ASSIGNMENT>
Write out exactly the lines of the entries below from the one holding "Beslutsunderlag Beslut Följande" to the one holding "Kniha Seelenreise - Tarot", inclusive, and leave out all other lines.

EXTRACTED ENTRIES>
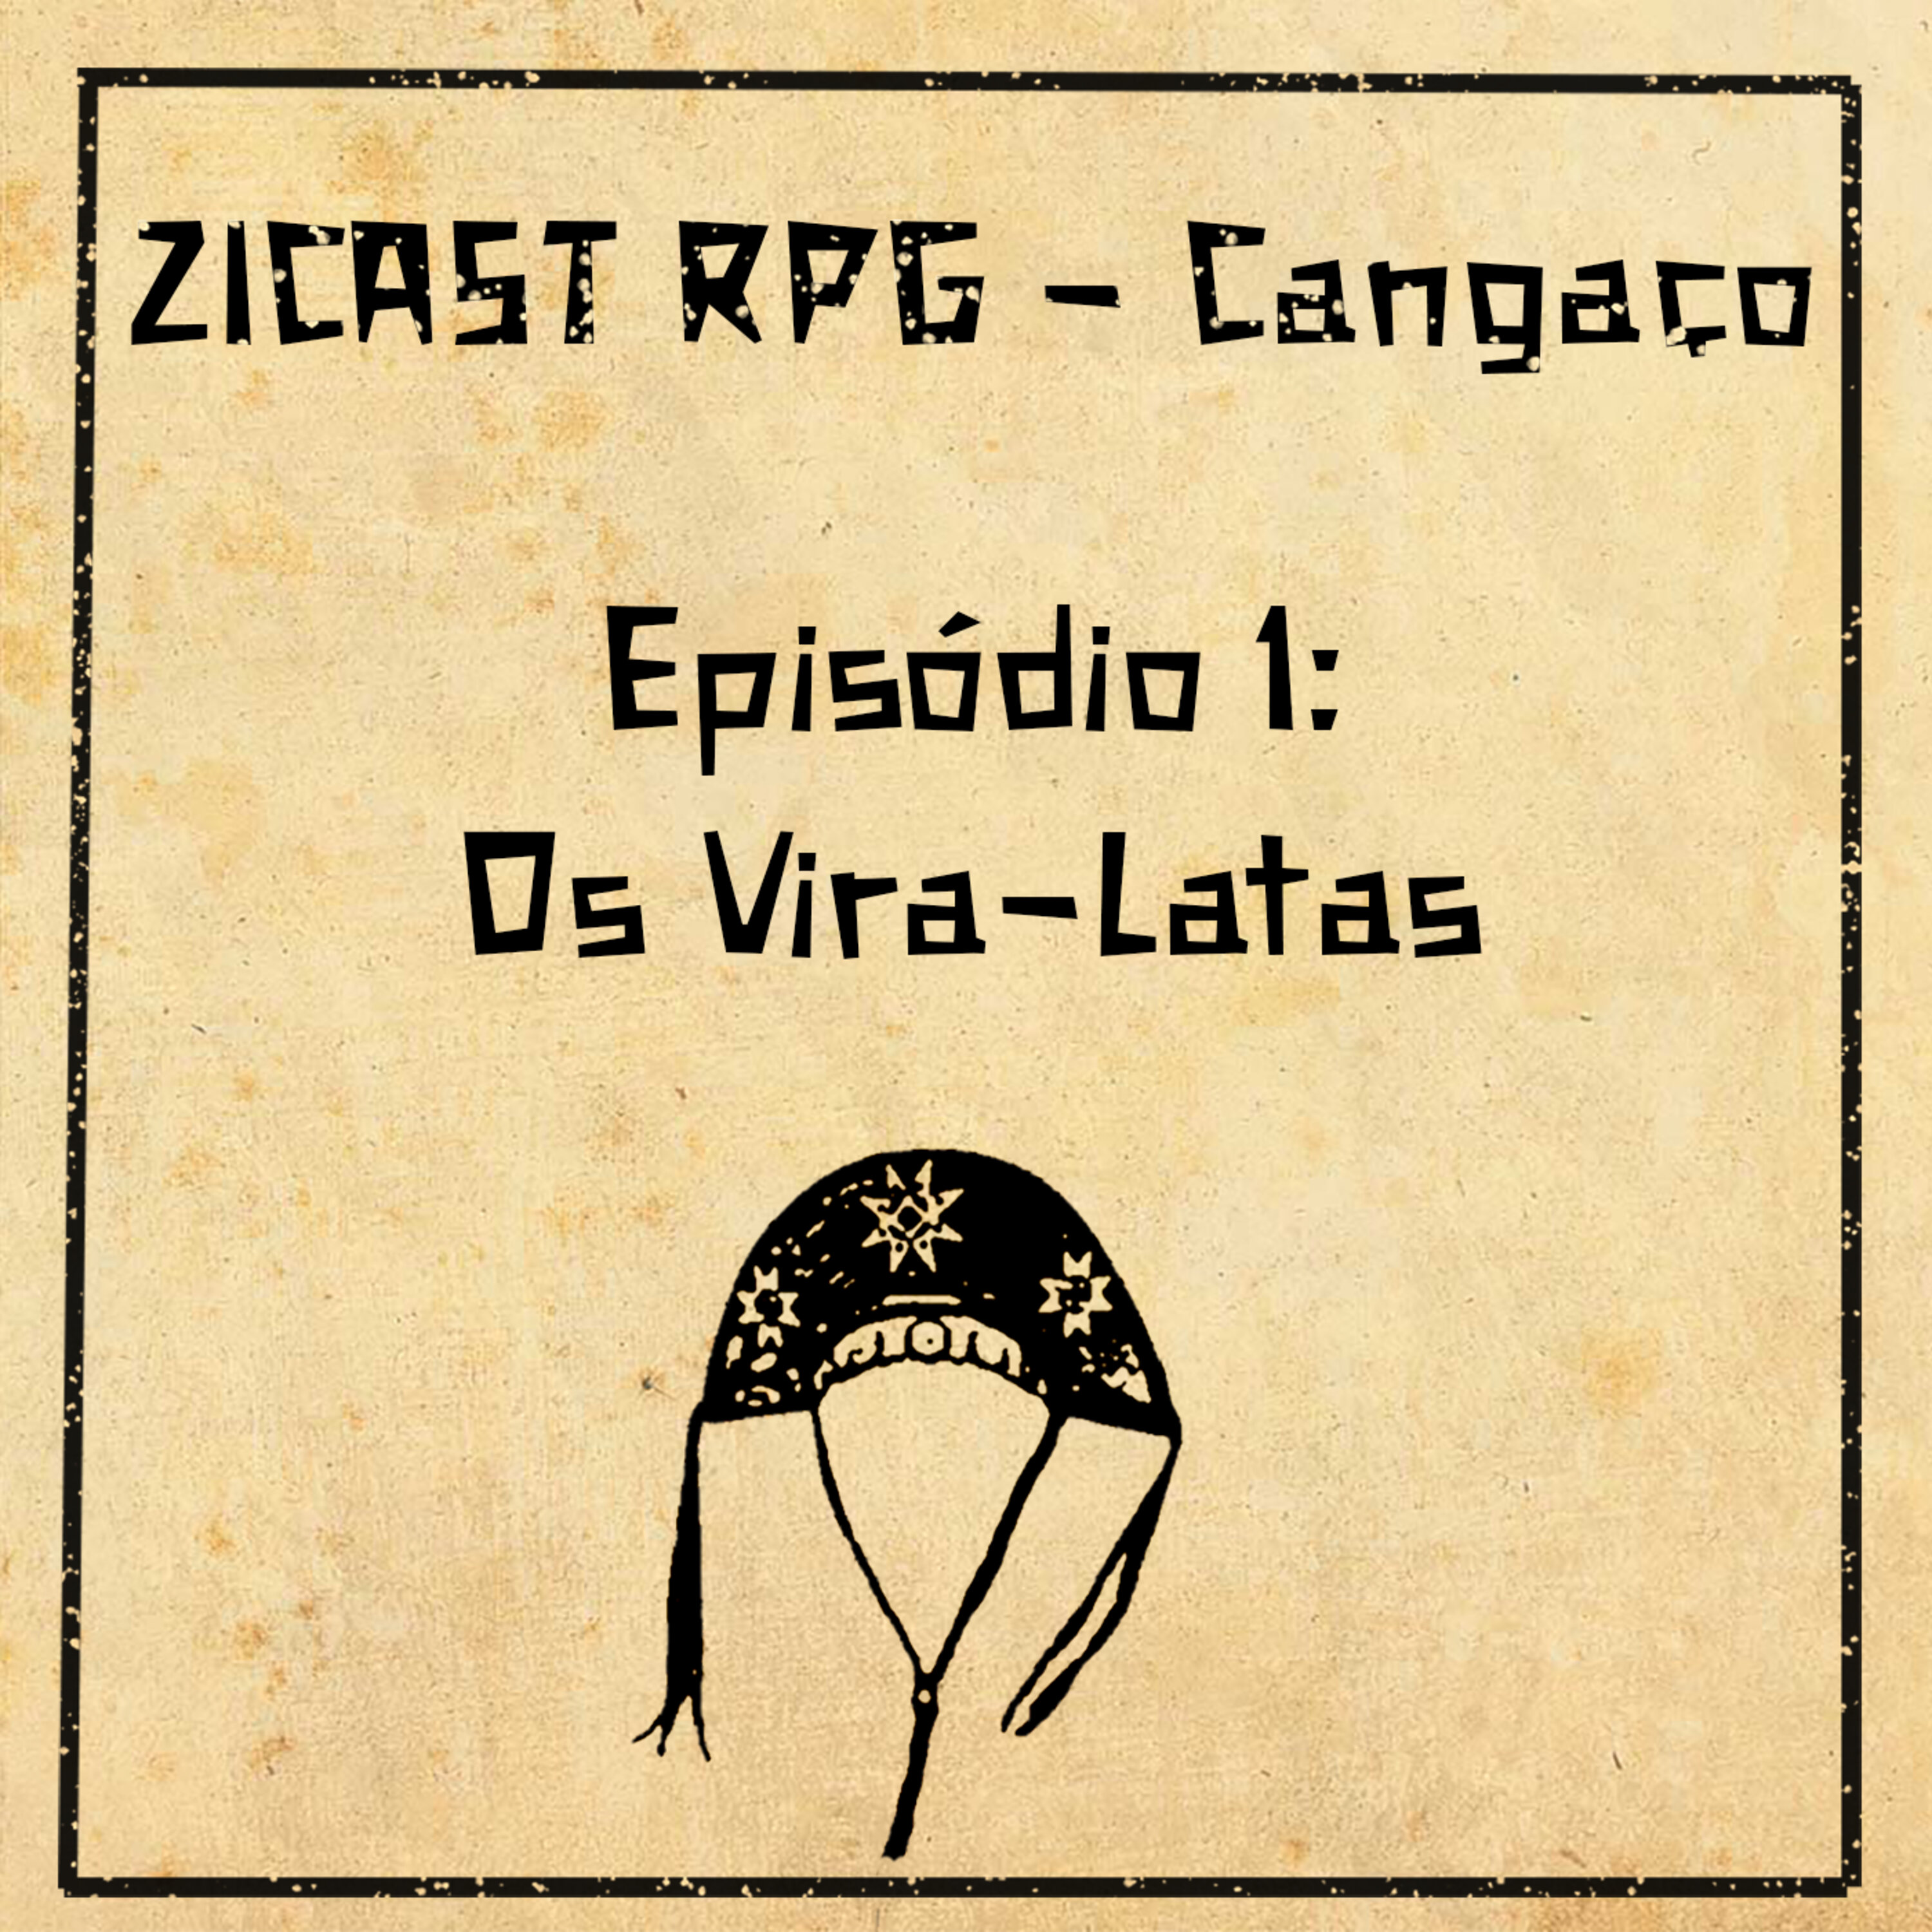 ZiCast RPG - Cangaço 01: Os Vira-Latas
...
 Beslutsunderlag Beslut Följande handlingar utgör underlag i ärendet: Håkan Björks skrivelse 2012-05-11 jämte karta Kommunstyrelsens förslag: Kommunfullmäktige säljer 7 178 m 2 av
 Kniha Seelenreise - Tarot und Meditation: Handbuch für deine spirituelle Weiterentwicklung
---
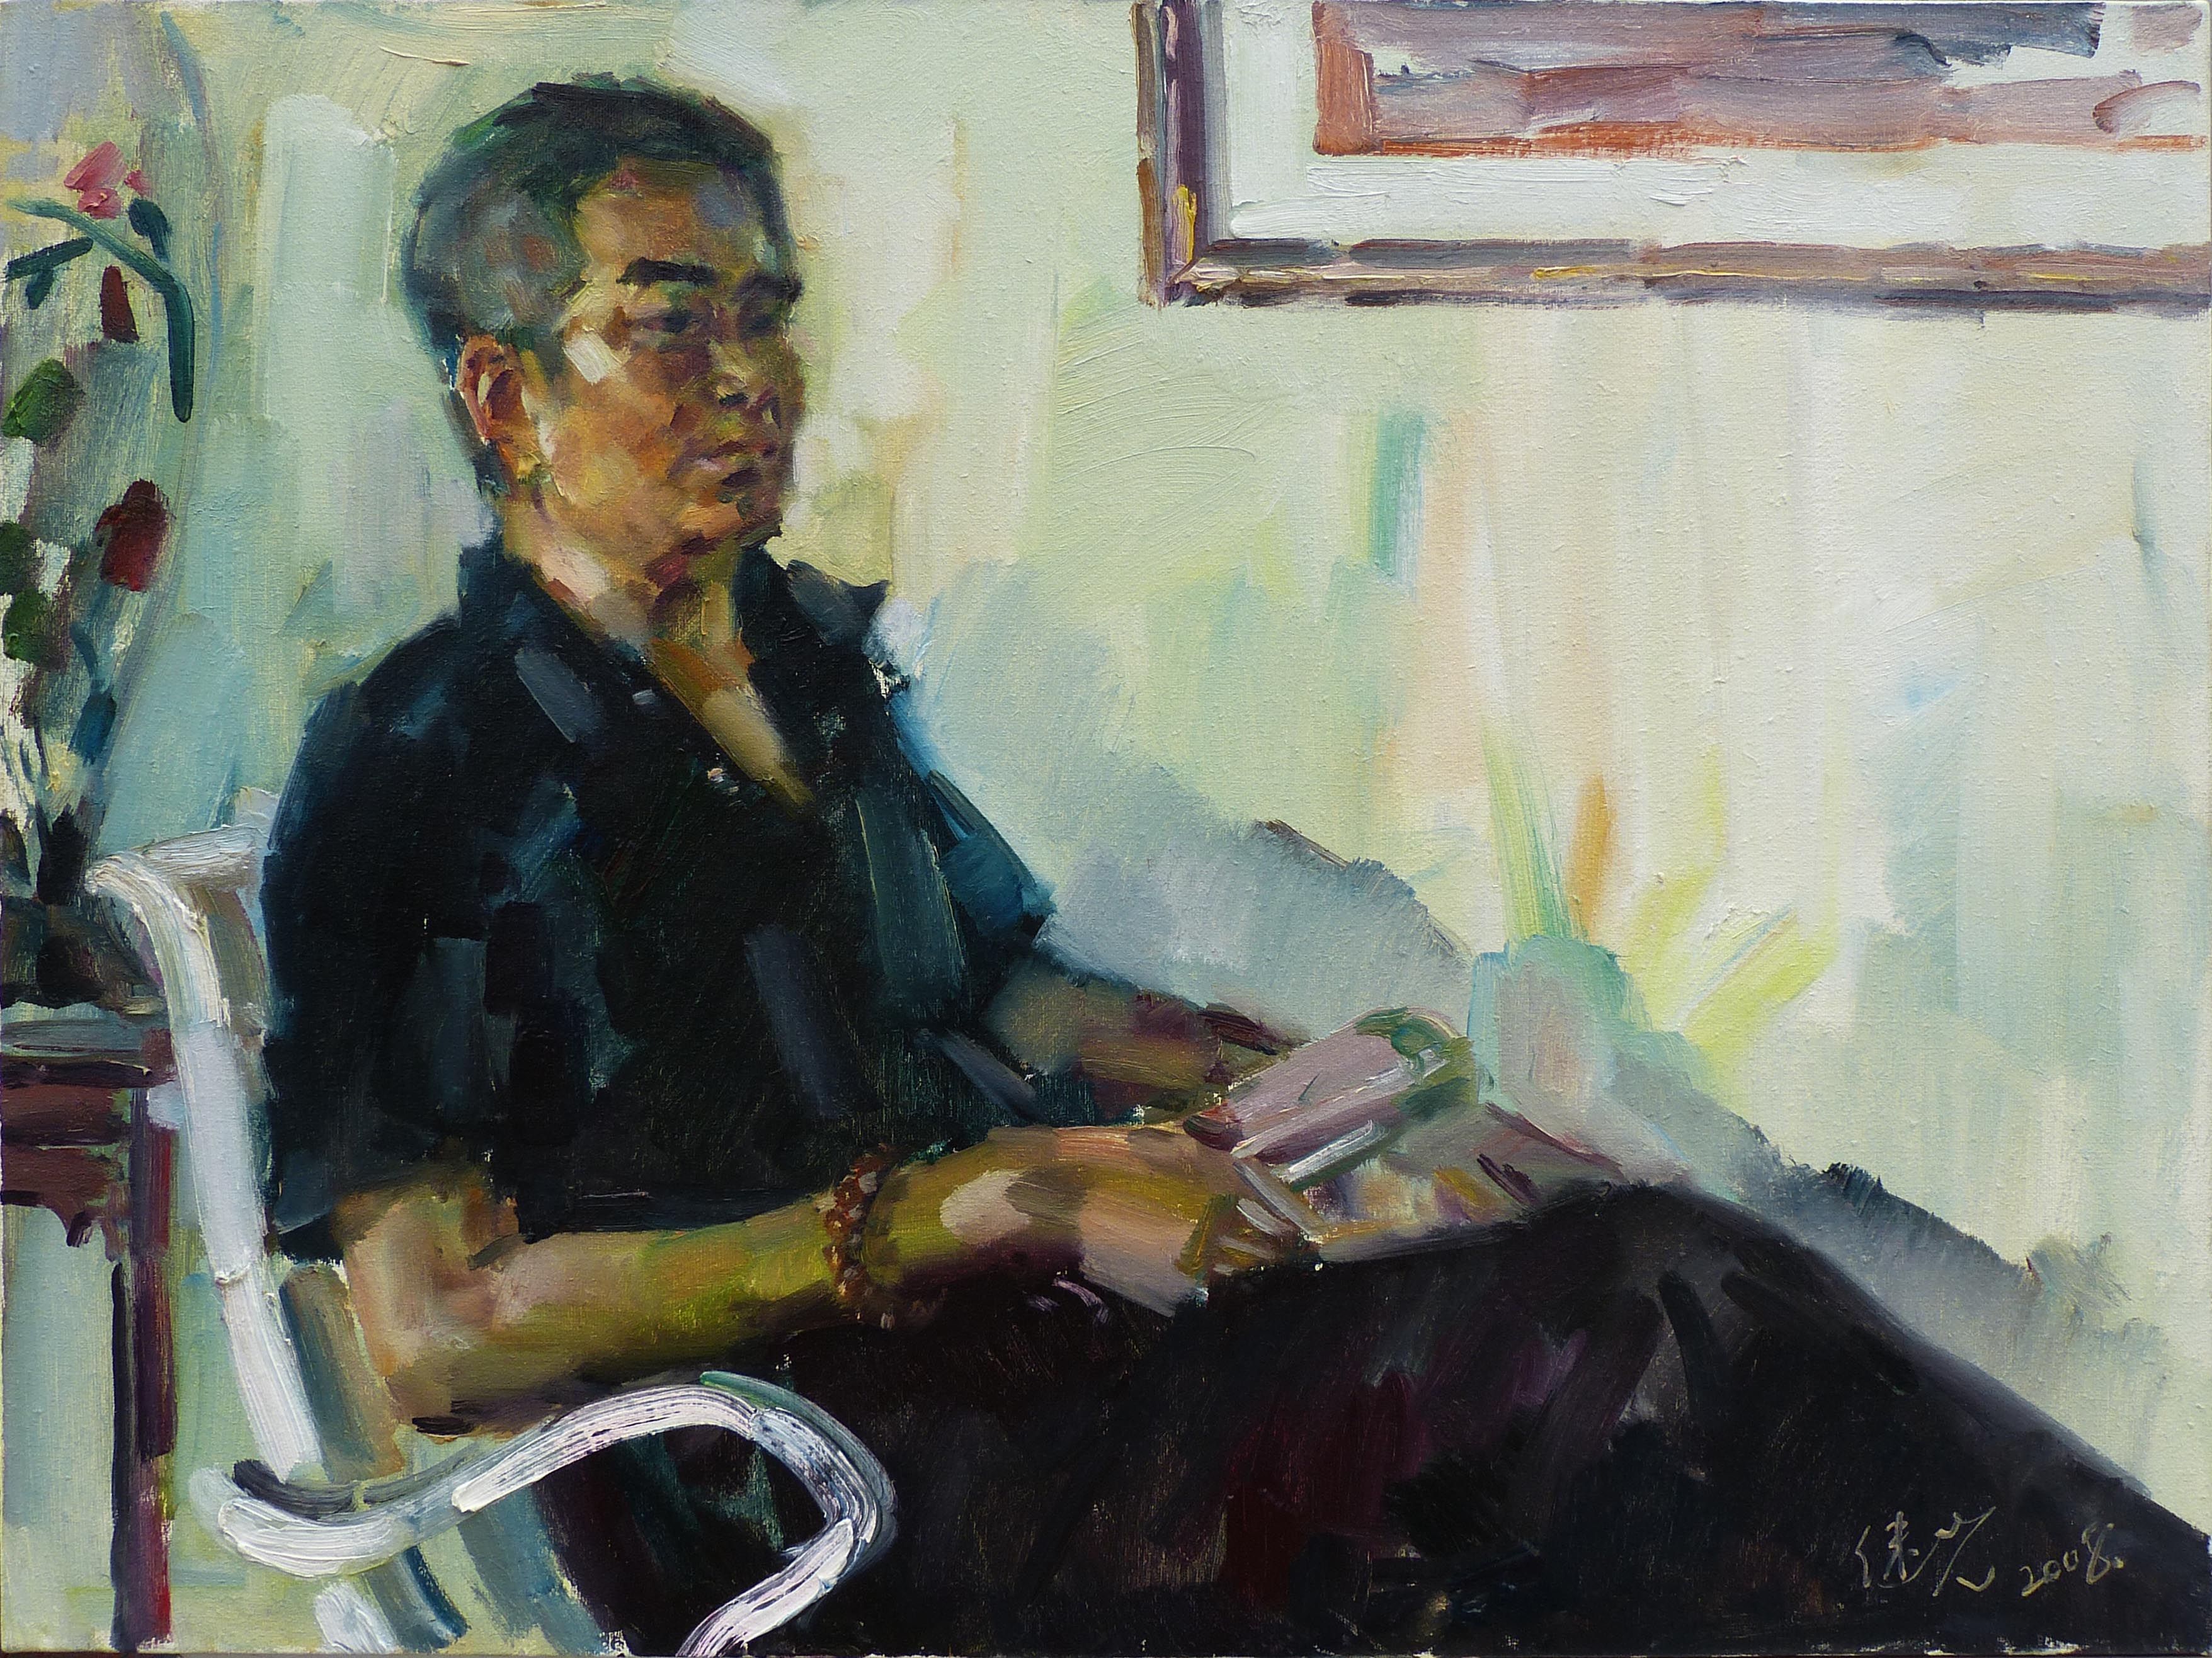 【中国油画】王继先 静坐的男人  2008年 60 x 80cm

ANSWER TO THE EXERCISE>
 Beslutsunderlag Beslut Följande handlingar utgör underlag i ärendet: Håkan Björks skrivelse 2012-05-11 jämte karta Kommunstyrelsens förslag: Kommunfullmäktige säljer 7 178 m 2 av
 Kniha Seelenreise - Tarot und Meditation: Handbuch für deine spirituelle Weiterentwicklung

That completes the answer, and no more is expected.